▶ [Data]
▬▬▬▬▬▬▬▬▬▬
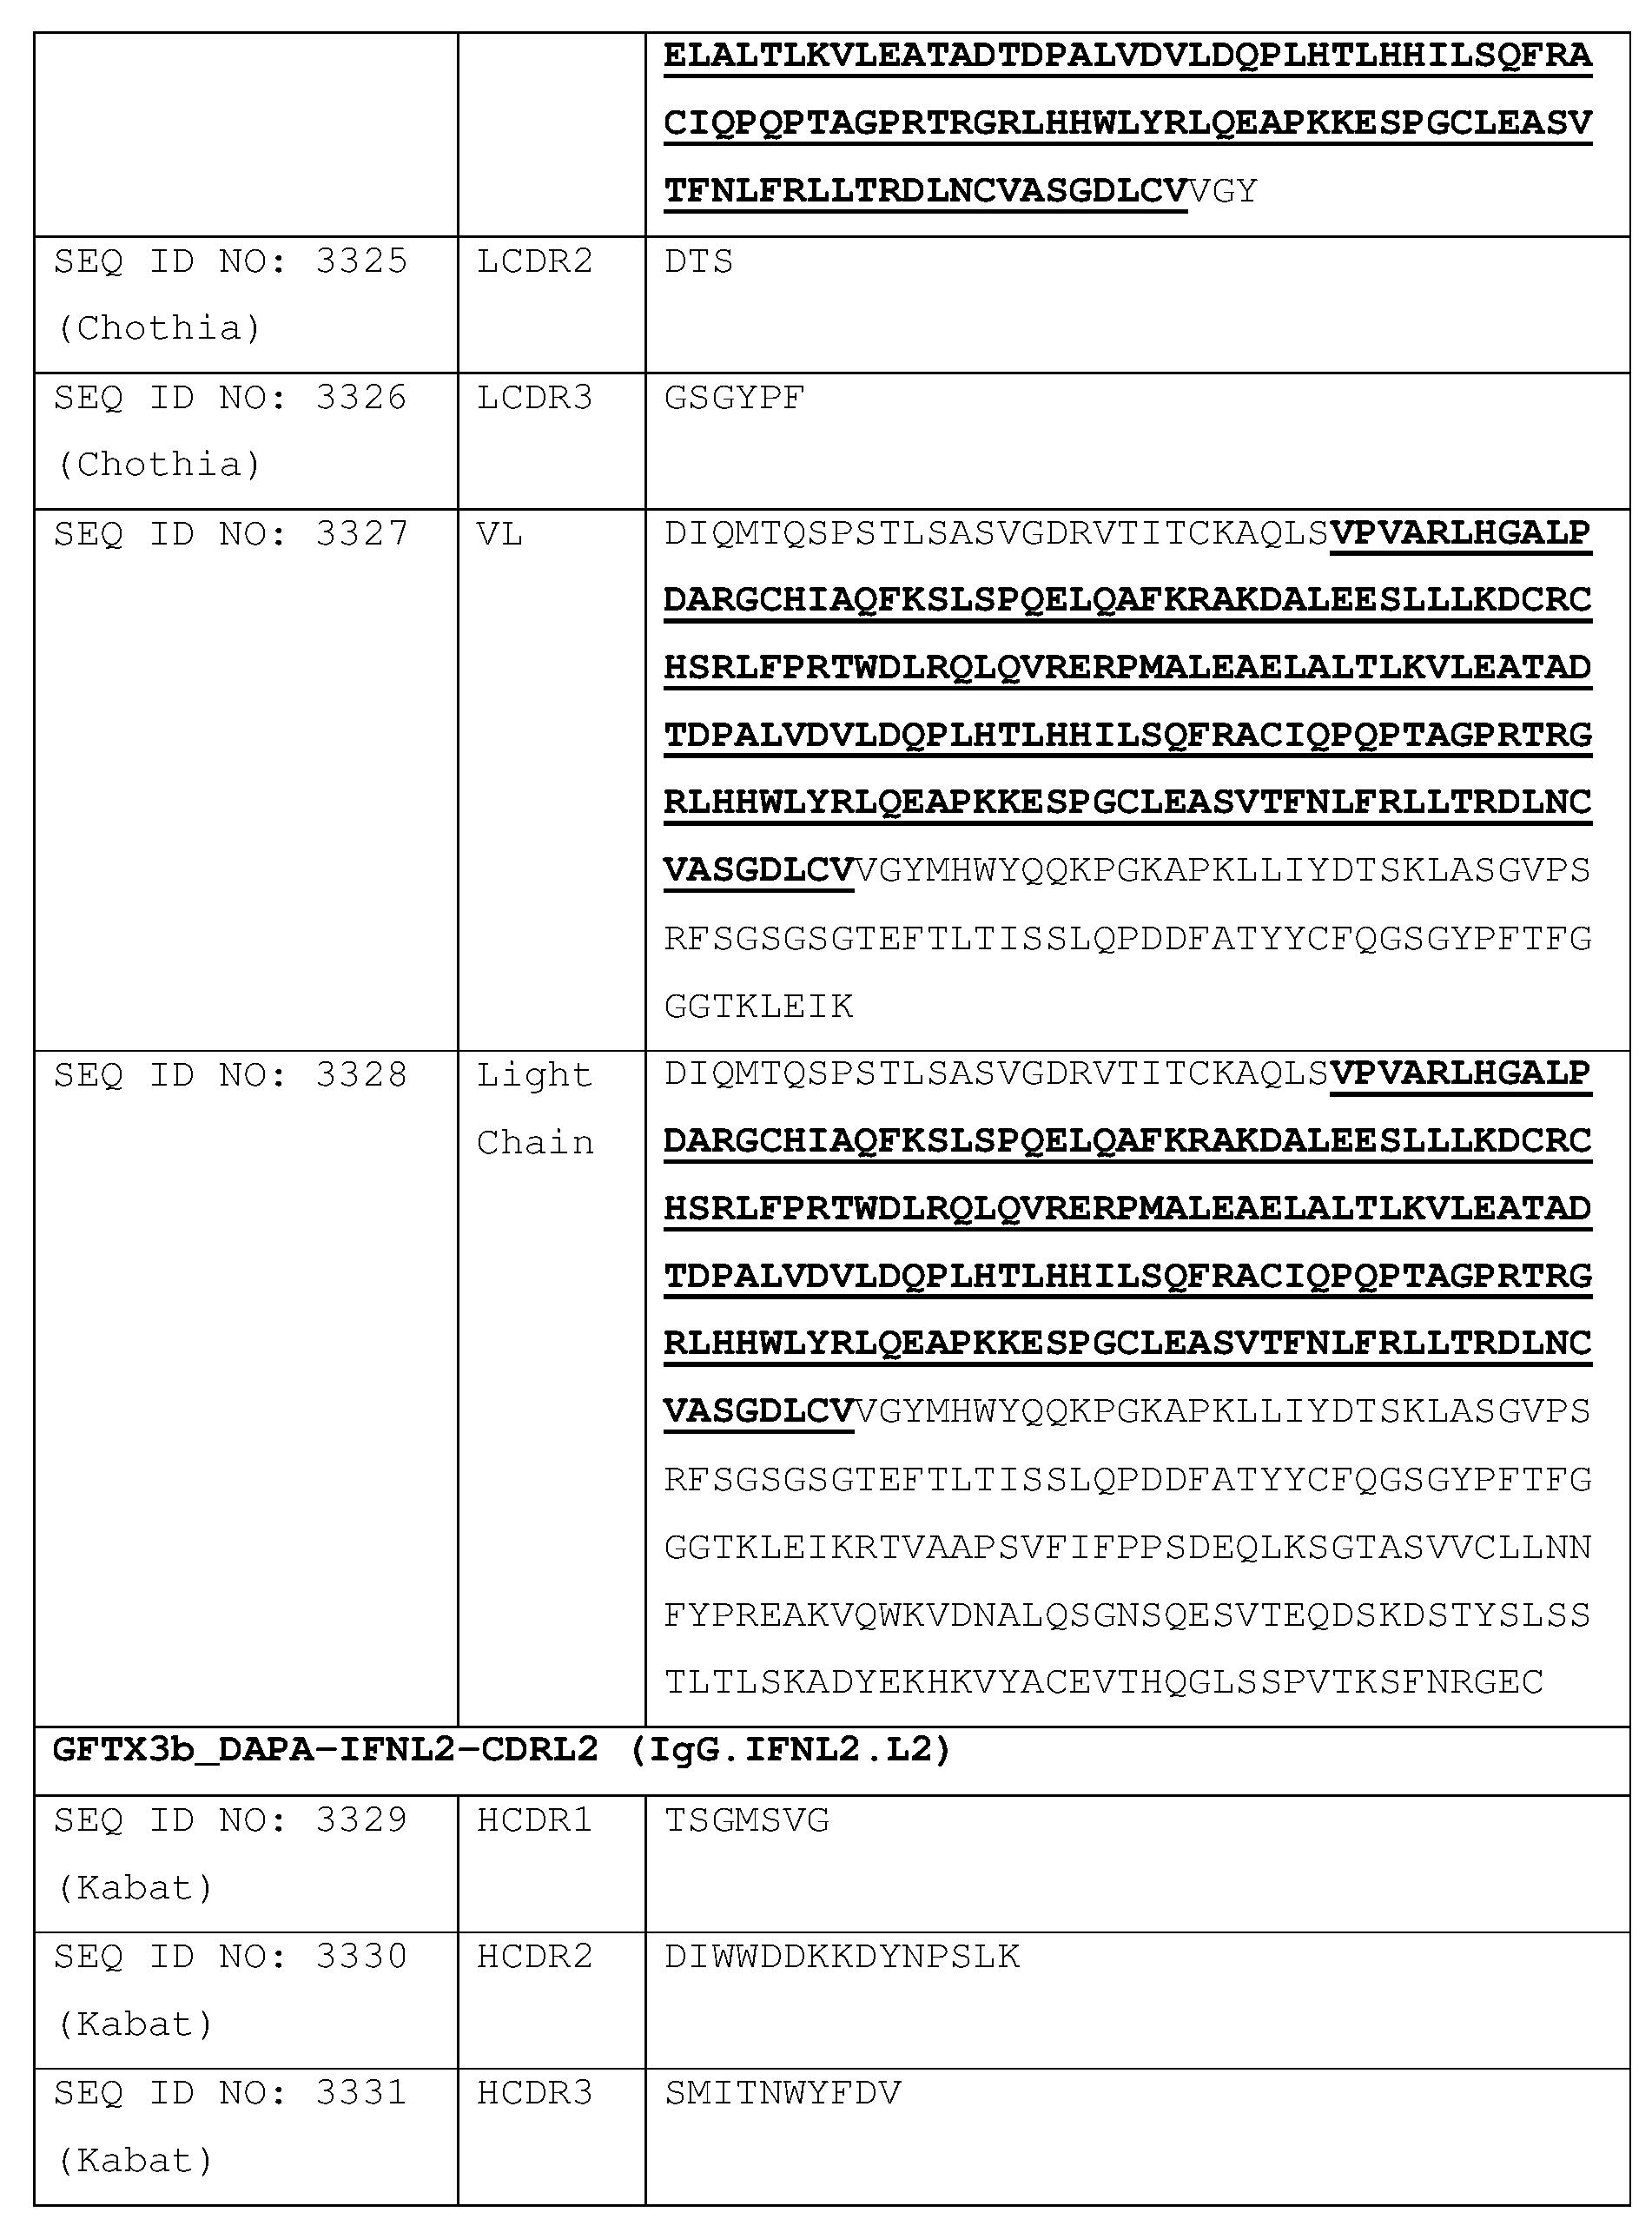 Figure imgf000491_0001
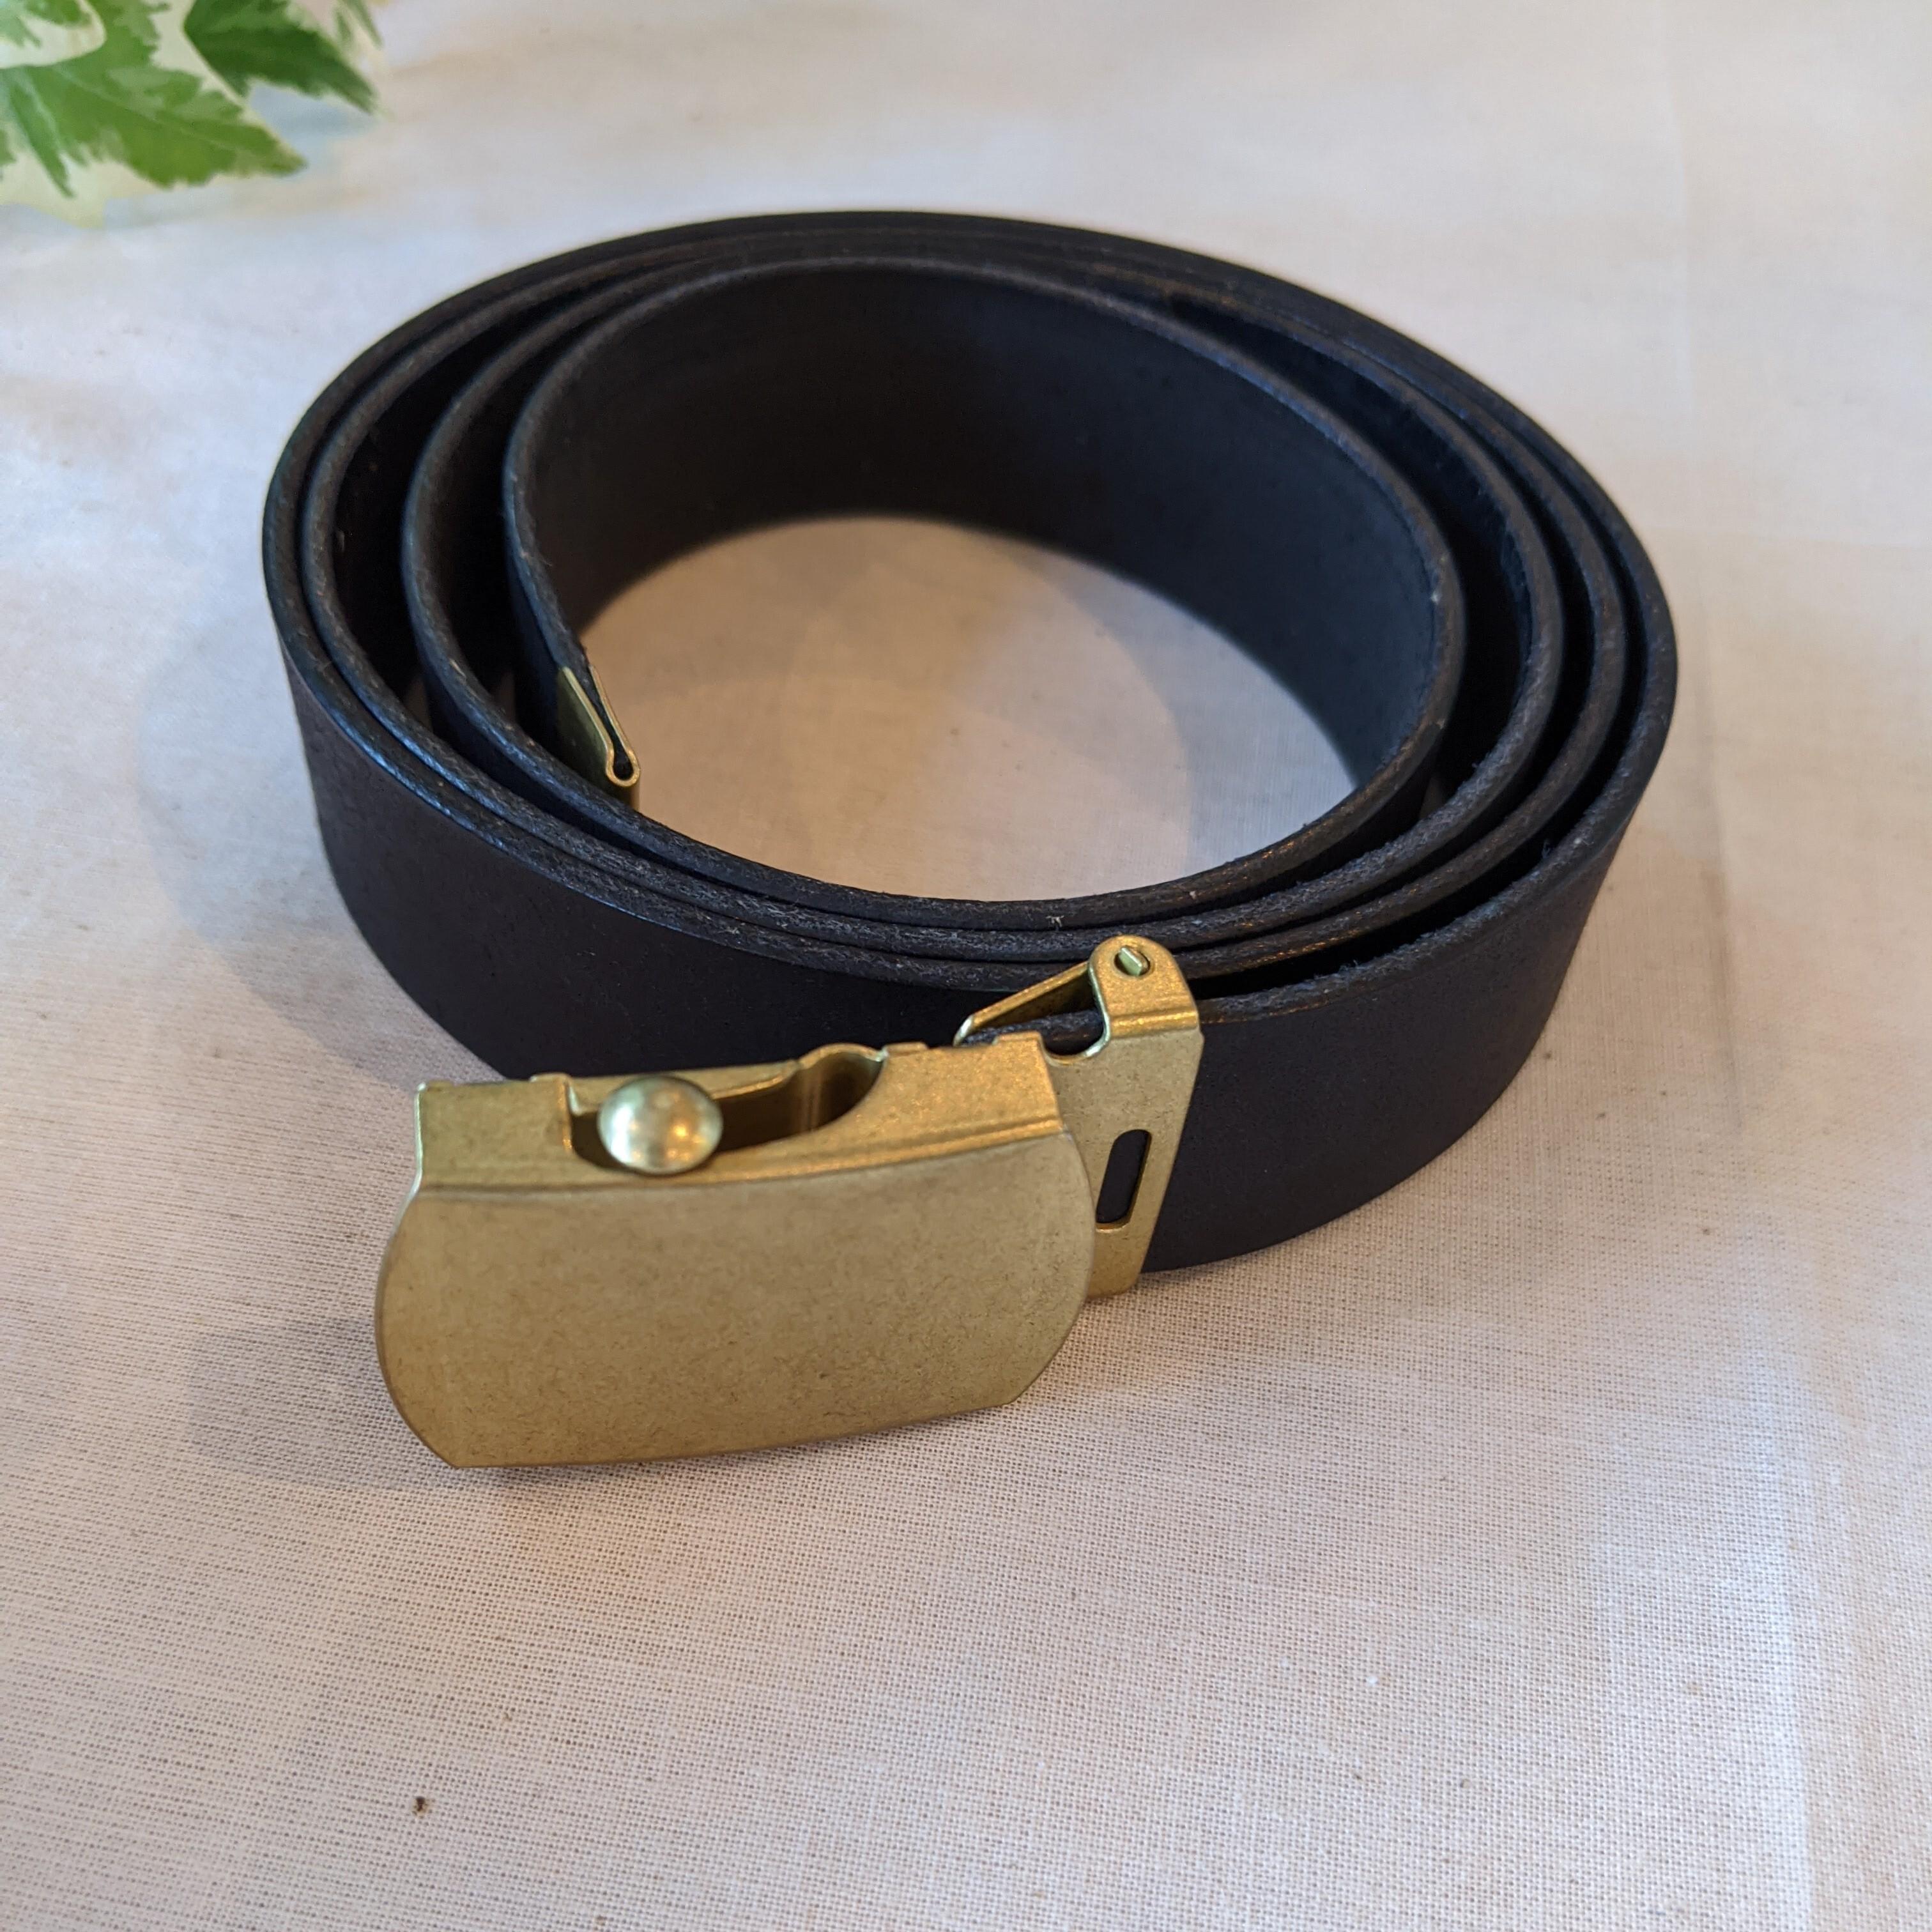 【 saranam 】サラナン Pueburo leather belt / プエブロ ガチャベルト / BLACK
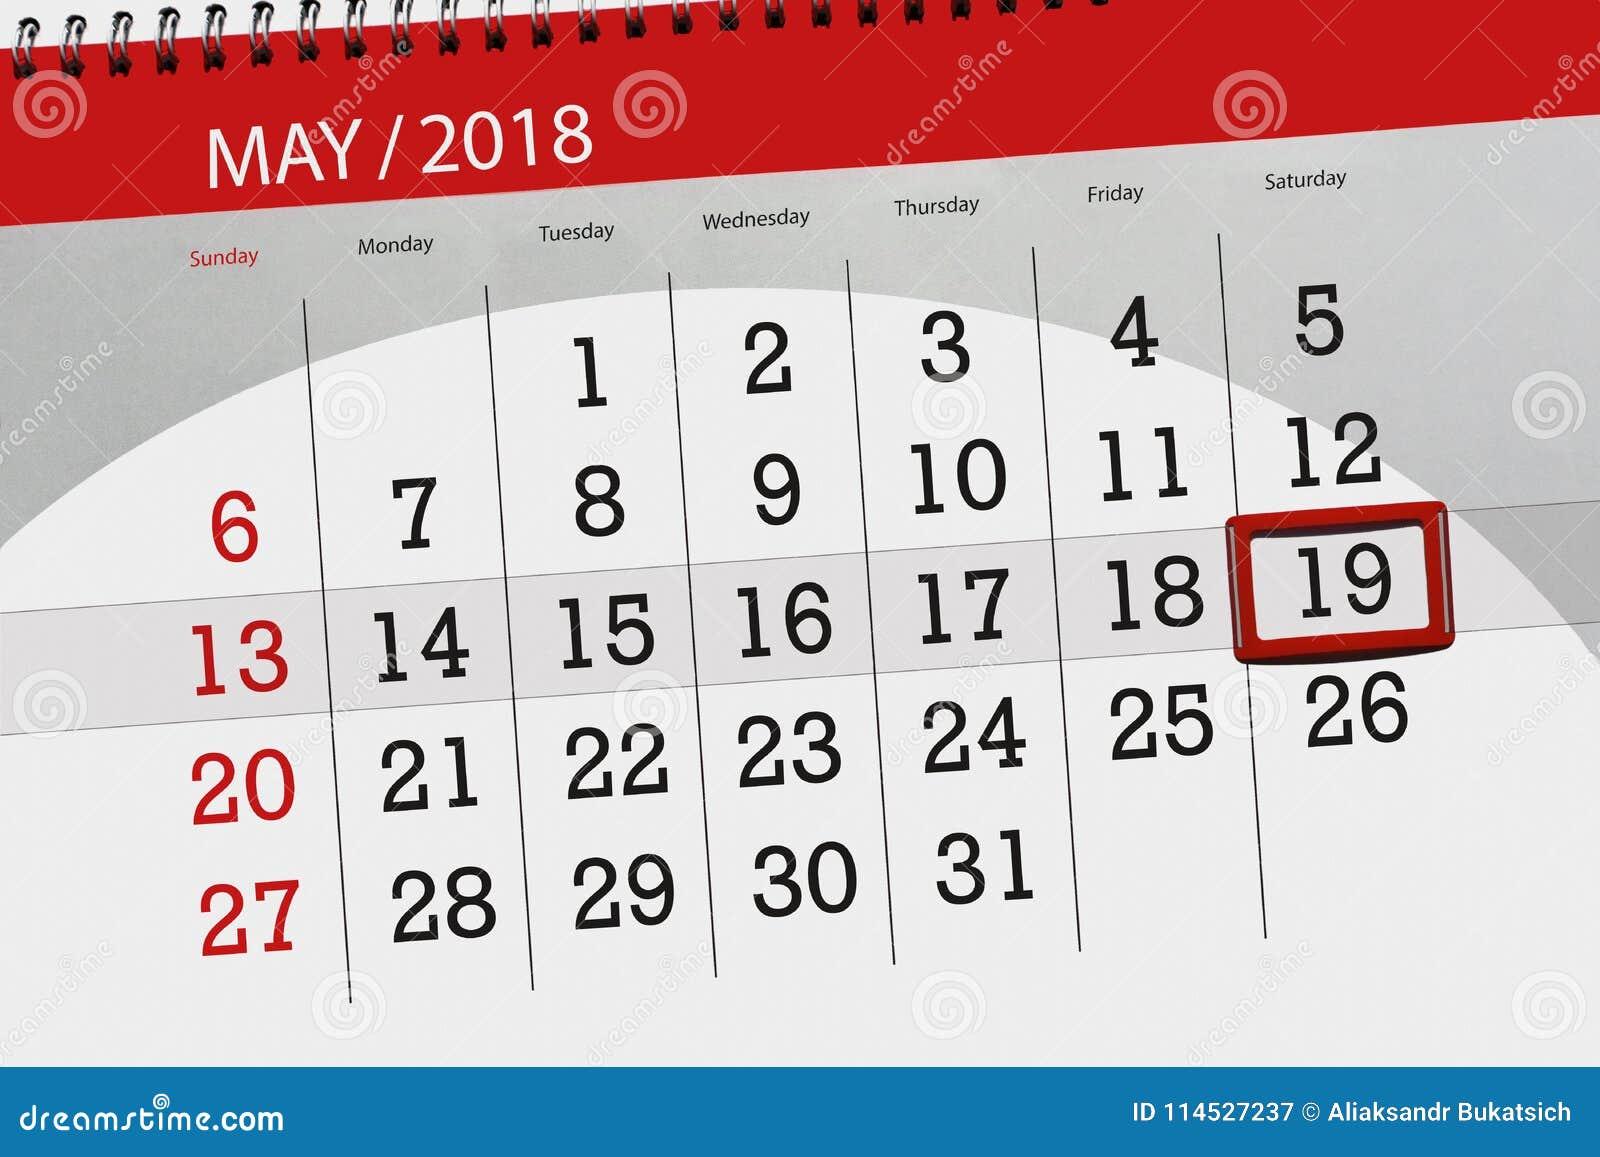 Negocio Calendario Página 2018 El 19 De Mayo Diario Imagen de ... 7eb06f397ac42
▬▬▬▬▬▬▬▬▬▬
▶ [Your goal] Reproduce the data in full. Do not carry over any picture.

▶ [Exercise result]
 Figure imgf000491_0001
 【 saranam 】サラナン Pueburo leather belt / プエブロ ガチャベルト / BLACK
 Negocio Calendario Página 2018 El 19 De Mayo Diario Imagen de ... 7eb06f397ac42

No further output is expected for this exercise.